Thursday of the Fourth Week of Easter

One sometimes hears the complaint from Catholics – especially of my generation, confirmed before or during Vatican II – that they never had a “personal relation” with Jesus. I confess I find that hard to understand, as everything in our Catholic education was focused around precisely that relation. We had sacramental communion with Our Lord – His “Body and Blood, Soul and Divinity.” When we returned from Communion, and, kneeling, buried our heads in our little hands, we were encouraged to listen and converse with the Eucharistic Lord we had just received. In the confessional, we confronted – in the darkness – the Crucified Lord whom our sins had wounded, and who absolved us of them.

Yet perhaps more now than then there is a tendency to read the Gospels and then set out to do the things we see recommended – or commanded there – quite without realizing that we are disciples of Jesus, and, as such, live and die in union with Him. Living with and in Him, we are given missions from the Master, who has chosen us. That means we are sent by Him – we do not choose ourselves, nor choose Him, nor do we give ourselves our missions. And having been sent by Him, we go “in His Name” – and that which befalls us will mirror that which befell Him. Some will understand and hear the words of life we live and preach; but others – perhaps most – will hear for a bit, but then gladly turn away from us, and even against us. That is, away from Him Who sent us, and against Him Who sent us.

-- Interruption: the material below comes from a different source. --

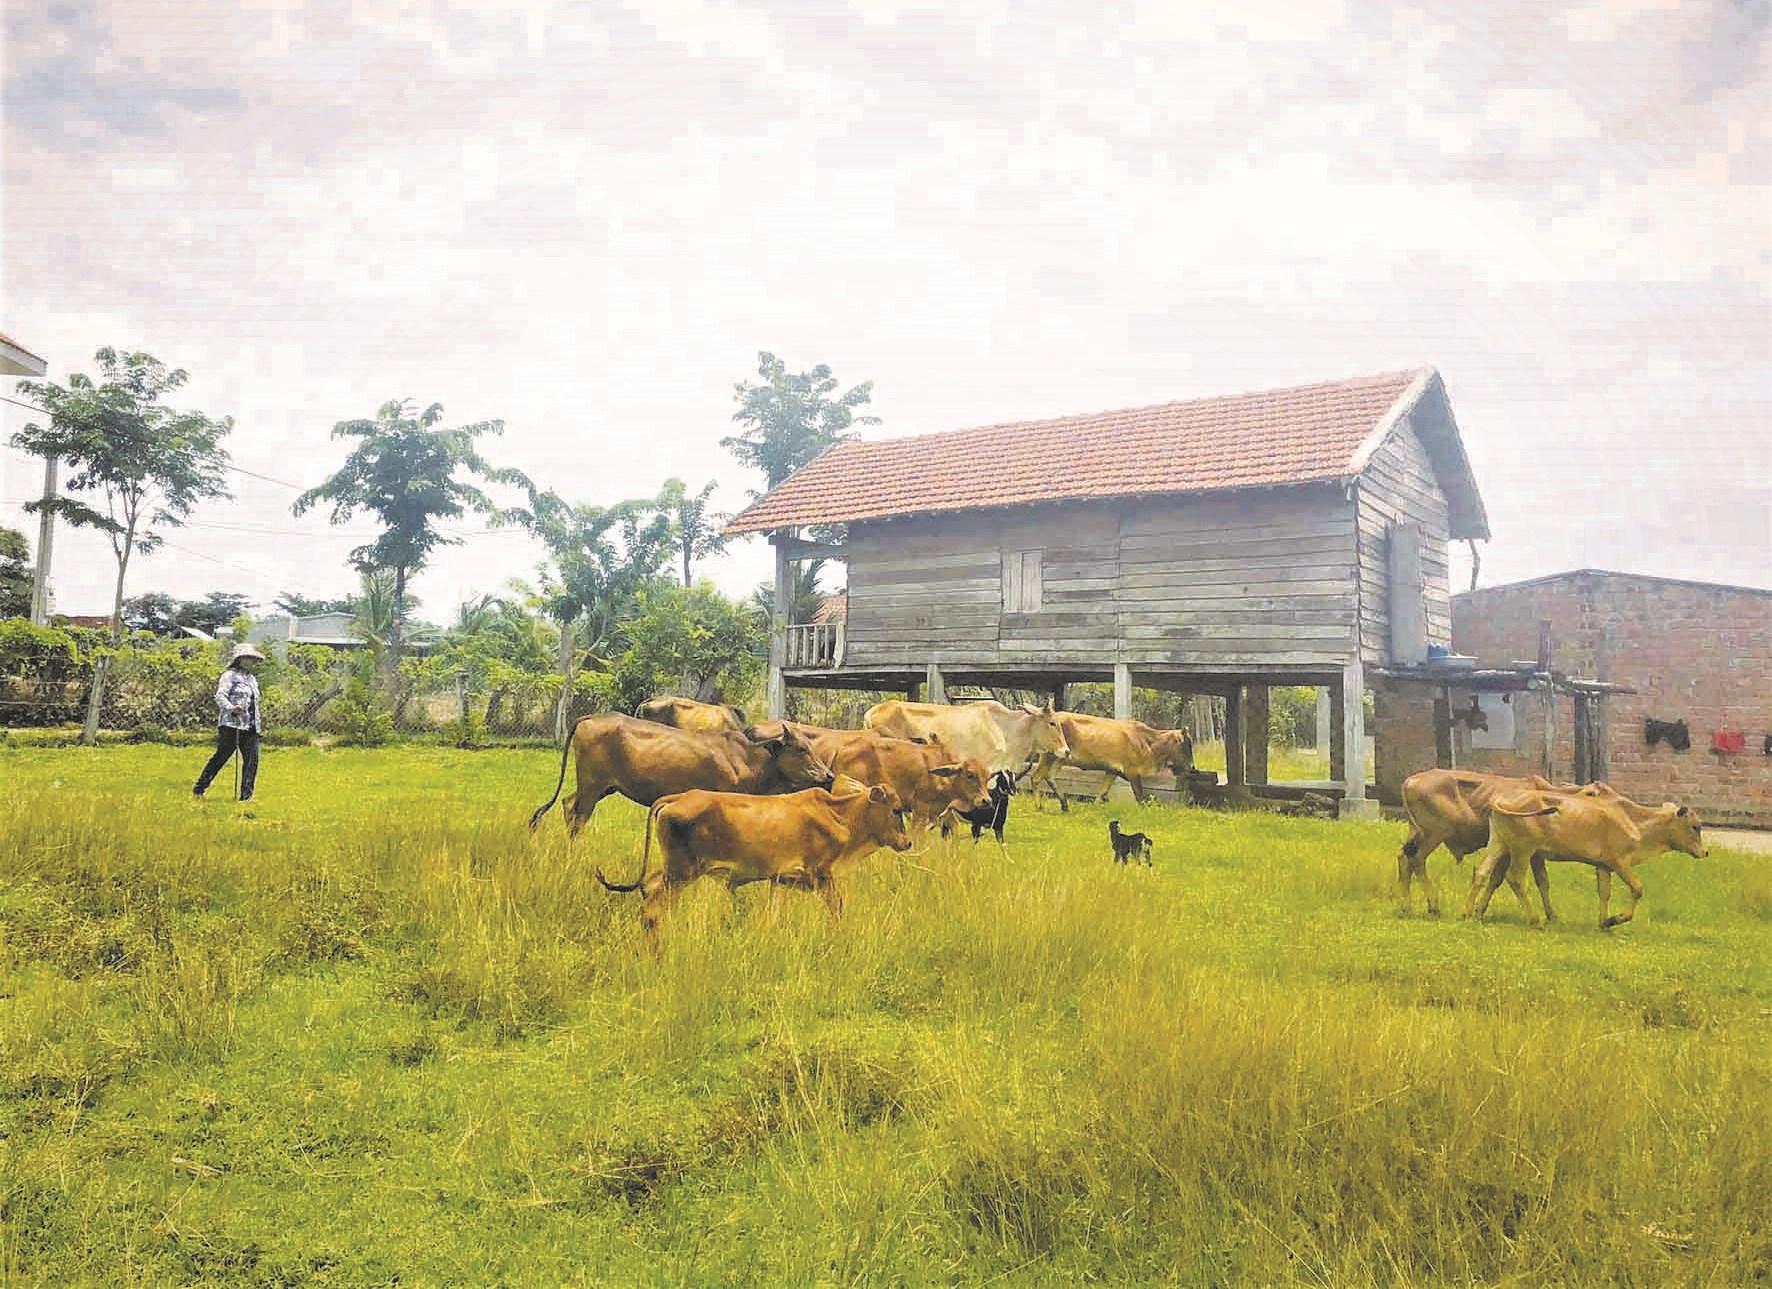 Nhờ được hỗ trợ vốn, nhiều hộ dân ở Krông Pa đầu tư nuôi bò hiệu quả và nhanh chóng thoát nghèo.

“No slave is greater than His master, nor any messenger, greater than the one who sent Him.” Sober words. But Jesus immediately follows them by saying: “blessed are you if you do it.” Blessed! To share the destiny, and the lot, of the Son of God – what greater blessing can there be? The one thing we must avoid at all costs is success, since we are following a Crucified Lord, who is known by His wounds after his Resurrection. Maybe that’s why so many people have instinctively avoided a “personal relation” with Him! It costs everything.